Capitalism versus the climate! (Book Review.)

Book Review.

THIS CHANGES EVERYTHING: Capitalism versus the climate!

By Naomi Klein.

This is quite a substantial book, well researched and comprehensive in scope. It provides an extensive review of the multifarious ecological and environmental problems created by the capitalist mode of production. It is well worth the read for this detailed review alone. So don’t get me wrong – as far as it goes – it is a fairly good read. However, it’s sub-title is somewhat misleading and it stops well short of going the whole distance required for this important subject. In fact the author lays the blame for what she correctly describes as an existential climate crisis for humanity, not upon the capitalist mode of production per se, but only upon the  neo-liberal stage capitalism reached during the late 20th century. A more accurate sub-title should perhaps read; ‘Neo-liberal capitalism versus the climate‘. Ms Klein in this book therefore seeks to promote a radical reformist perspective rather than a revolutionary one. So in fact the main title is also misleading for even her radical proposals would not ‘change everything’ – only some things.

It cannot be surprising that since 2008 many intellectuals and writers, who have achieved success and status, not to mention enjoyed considerable perks, under the capitalist mode of production, would want this system to continue, albeit in a modified or more regulated form. The reformist modifications suggested by each of the many authors belatedly finding fault with 21st century capitalism, depends primarily upon their particular concerns or the threats they perceive are directed at their interests. As intellectual agents of reformist change, some wish to regulate the banking system, some to rein in the military-industrial complex and yet others to curtail the polluters of the atmosphere and destroyers of the environment. Ms Klein, the author of this book, belongs to the latter group of would be reformers. During the research for the book she writes;

“I began to see all kinds of ways that climatic change could become a catalyzing force for positive change – how it could be the best argument progressives have ever had to demand the rebuilding and revival of local economies; to reclaim our democracies from corrosive corporate influence..” (Chapter 1.)

The key words to consider here are ‘positive change’, ‘progressives’ and ‘reclaim’, for the choice of these three expressions reveal the reformist political position she has adopted. Thus ‘positive change’ is progressive and doesn’t sound too threatening to the ‘establishment‘,  ‘progressives’ simply want positive change (and who wouldn’t?) and ‘reclaiming’ sounds sensible like re-cycling and of course safe. She makes this reformist position quite clear throughout the book. Her avowed purpose as a would be socio-political  ‘change-agent’ is to make a solid case for the establishment of a mass-movement capable of pressurising politicians to implement seriously radical reforms to the existing neo- liberal capitalist system.

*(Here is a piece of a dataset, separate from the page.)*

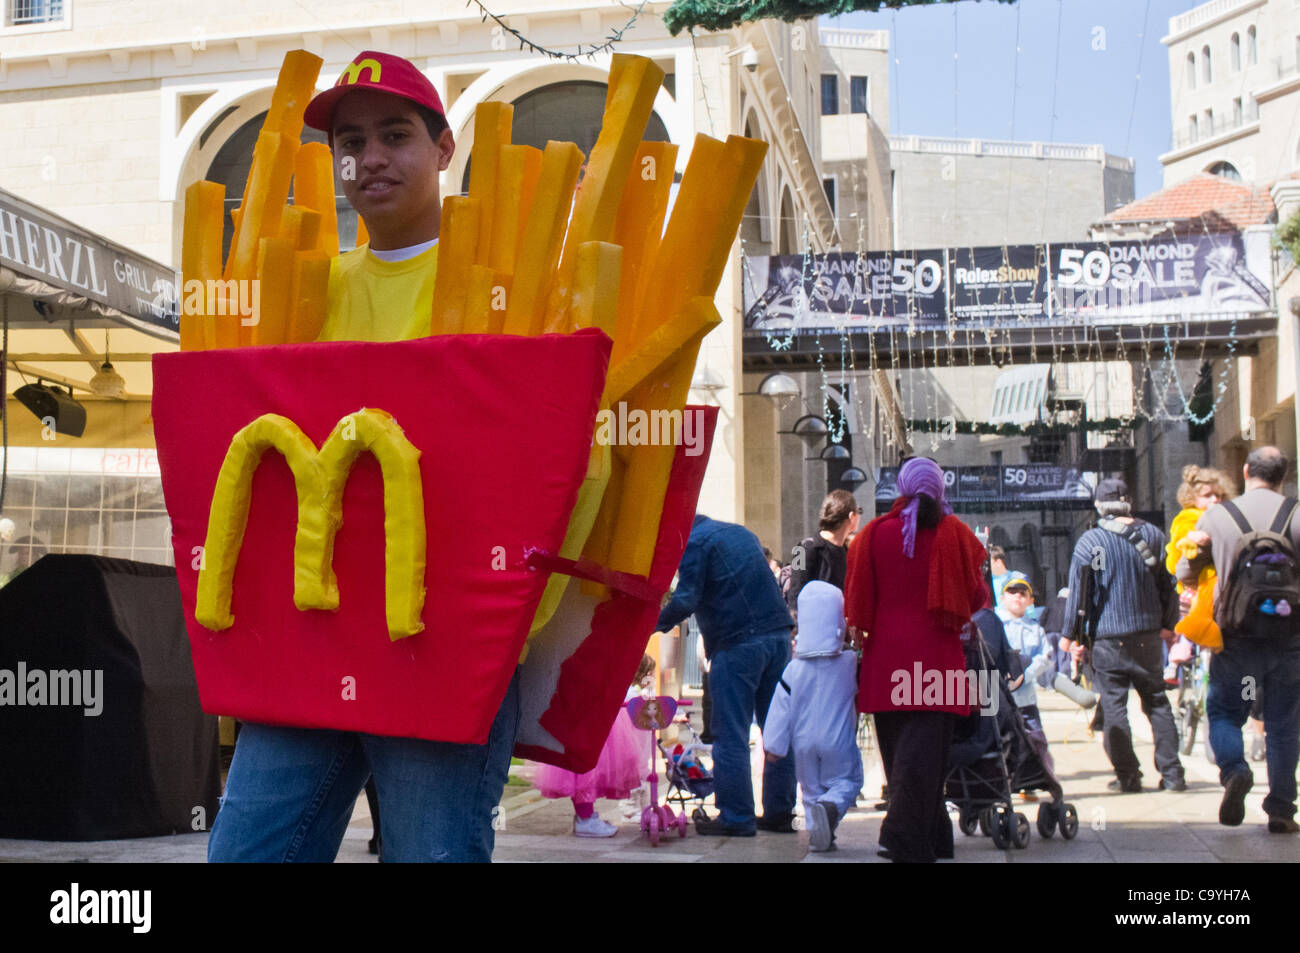 Ein kleiner Junge trägt ein McDonalds Pommes frites Kostüm an Purim  gefeiert als ein Urlaub, glücklich, Karneval-wie zum Gedenken an die  Ereignisse in das Buch Esther beschrieben. Jerusalem, Israel. 8. März 2012

Since the air we breath and the weather we experience effects everyone, rich and poor, old and young, male and female, she reasons that this presents a potential opportunity for an exceptional degree of oppositional unity for those opposed to climate change. The many interconnected climatic emergencies which people now face across the globe she hopes, could therefore be ‘a galvanizing force for humanity’. Thus she also writes;

“If enough of us stop looking away and decide that climate change is a crisis, worthy of Marshall Plan levels of response, then it will become one, and the political class will have to respond, both by making resources available and by bending the free market rules that have proven so pliable when elite interests are in peril.” (Chapter 1.)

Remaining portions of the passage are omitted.